Question: Read the following case about MiniScribe and answer the following

Read the following case about MiniScribe and answer the following questions.
a. How did MiniScribe inflate its financial statements?
b. What are some of the factors that led to the inflated financial statements?
c. What red flags should have raised the auditor’s suspicions about phony sales and other attempts to inflate income?
d. What substantive audit procedures could have uncovered the fraud?
In October 1988, MiniScribe, a computer disk drive manufacturer, announced its 13th consecutive record-breaking quarter, while its competitors were laying off hundreds of employees. MiniScribe's receivables had increased significantly, and inventories had increased to a dangerous level because disk drives can become obsolete from one quarter to the next. The company's stock price had quintupled in just two years. It had apparently risen from the dead under the leadership of Q. T. Wiles, who had resurrected other companies and was known as Dr. Fix-It. It looked as if he had done it again.

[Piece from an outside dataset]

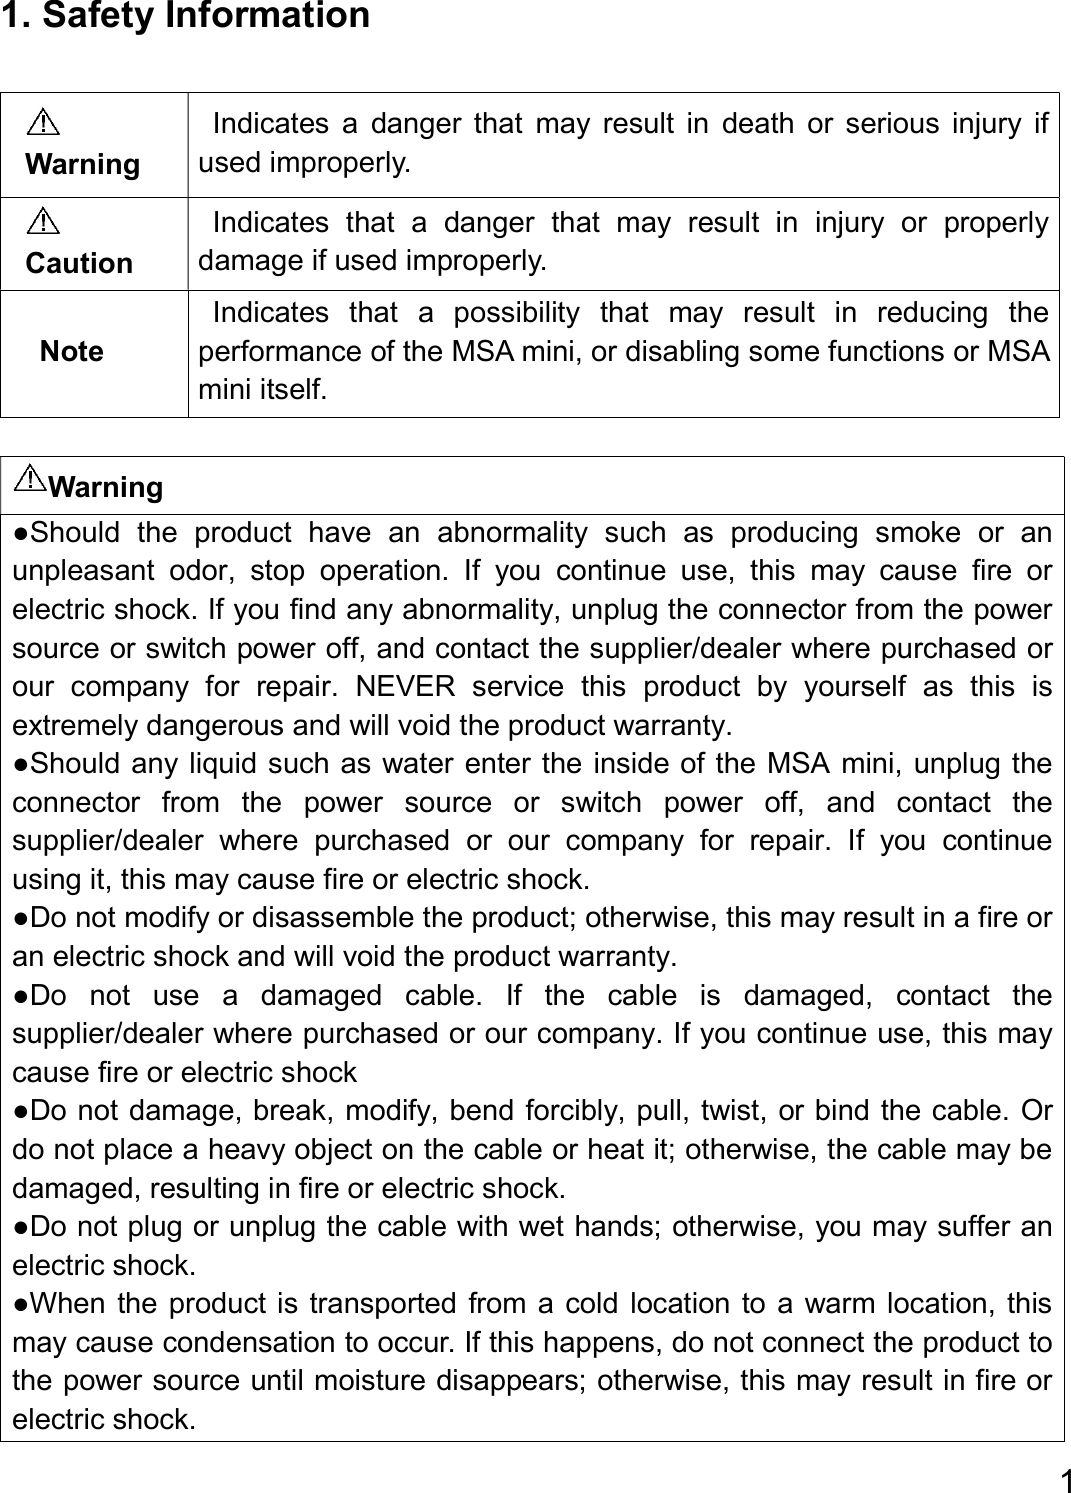  1  1. Safety Information  Warning ●Should  the  product  have  an  abnormality  such  as  producing  smoke  or  an unpleasant  odor,  stop  operation.  If  you  continue  use,  this  may  cause  fire  or electric shock. If you find any abnormality, unplug the connector from the power source or switch power off, and contact the supplier/dealer where purchased or our  company  for  repair.  NEVER  service  this  product  by  yourself  as  this  is extremely dangerous and will void the product warranty.   ●Should any liquid such as water enter the inside of the MSA mini, unplug the connector  from  the  power  source  or  switch  power  off,  and  contact  the supplier/dealer  where  purchased  or  our  company  for  repair.  If  you  continue using it, this may cause fire or electric shock.   ●Do not modify or disassemble the product; otherwise, this may result in a fire or an electric shock and will void the product warranty. ●Do  not  use  a  damaged  cable.  If  the  cable  is  damaged,  contact  the supplier/dealer where purchased or our company. If you continue use, this may cause fire or electric shock   ●Do not damage, break, modify, bend forcibly, pull, twist, or bind the cable. Or do not place a heavy object on the cable or heat it; otherwise, the cable may be damaged, resulting in fire or electric shock.   ●Do not plug or unplug the cable with wet hands; otherwise, you may suffer an electric shock.   ●When the product is transported from a cold  location to a warm location, this may cause condensation to occur. If this happens, do not connect the product to the power source until moisture disappears; otherwise, this may result in fire or electric shock.    Warning Indicates  a  danger  that  may  result  in  death  or  serious  injury  if used improperly.  Caution Indicates  that  a  danger  that  may  result  in  injury  or  properly damage if used improperly. Note Indicates  that  a  possibility  that  may  result  in  reducing  the performance of the MSA mini, or disabling some functions or MSA mini itself.

Seven months later, it was announced that MiniScribe's sales gains had been fabricated. What was supposed to be the crowning achievement of Wiles's career became an epitaph; he resigned and is living in near seclusion.
An internal investigation concluded that senior management apparently perpetrated a massive fraud on the company, its directors, its outside auditors, and the investing public. Most of MiniScribe's top management was dismissed, and layoffs shrank its employment by more than 30% in one year. MiniScribe might have to write off as much as $200 million in bad inventory and uncollectible receivables.
Wiles's unrealistic sales targets and abusive management style created a pressure cooker that drove managers to cook the books or perish. The managers responded by booking sales prematurely, manipulating reserves, and simply fabricating figures in order to maintain the illusion of unbounded growth even after the industry was hit by a severe slump.